12/18/2020 | 05:16pm EST

By Andrew Ackerman and David Benoit

The Federal Reserve said Friday that the largest U.S. banks remain strong enough to survive the coronavirus crisis but warned that a prolonged economic downturn could saddle them with hundreds of billions of dollars in losses on soured loans.

The Fed also said it would allow the banks to restart share buybacks but that it would, at least in the first quarter, restrict the amount. It said it would continue to restrict dividend payouts.

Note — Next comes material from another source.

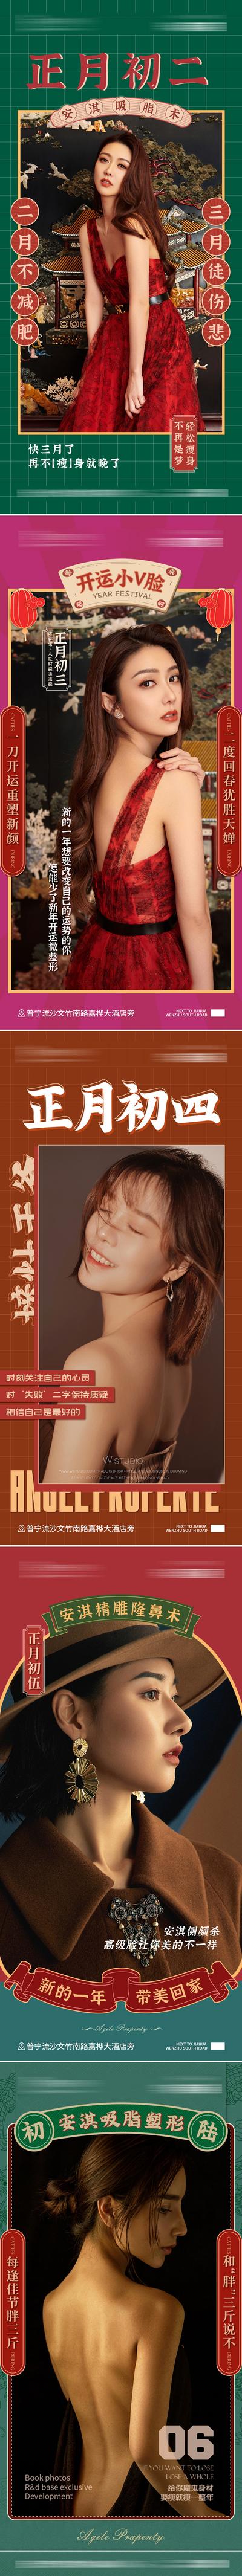 南门网 海报 医美 中国传统节日 春节 人物 复古 系列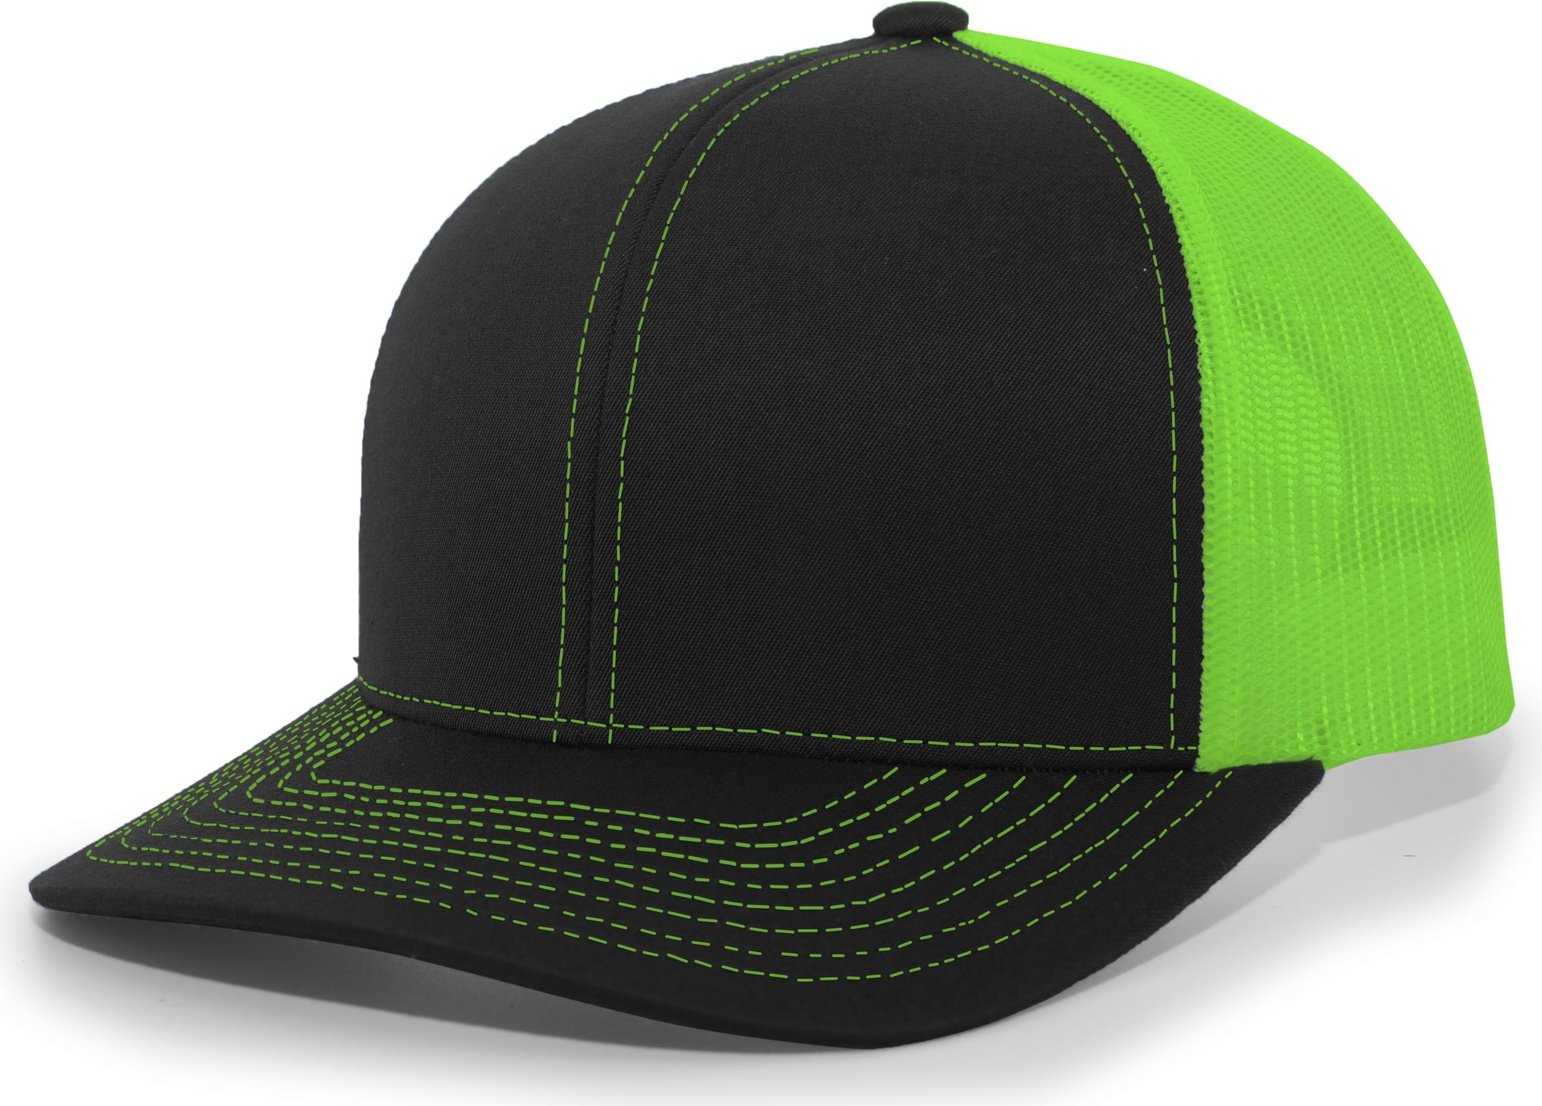 Pacific Headwear 104C Trucker Snapback Cap - Black Neon Green - HIT a Double

Under two hypothetical scenarios, in which unemployment remains high and the economy doesn't bounce back for several quarters, the 33 largest U.S. banks could be hit with as much as $600 billion in loan losses, the Fed said in the latest iteration of its stress test. That would erode the capital buffers meant to keep them on sound financial footing, the central bank said.

Designed to gauge the health of the nation's banks, the stress tests were expanded this year to study the effect of the downturn brought on by the coronavirus pandemic.

Earlier this year, the Fed placed restrictions on the biggest banks' dividend payouts and share buybacks, a move to preserve capital in an unsettled economy. At that time, the Fed stopped all buybacks and said dividends couldn't exceed a bank's recent profits. The Fed in September extended the restrictions through the end of this year.

On Friday, the Fed said the banks could restart making repurchases in the first quarter, but still can't return to shareholders more than they have been making in profit over the past year. The aggregate dividends and repurchases can't exceed the average quarterly profit from the four most recent quarters.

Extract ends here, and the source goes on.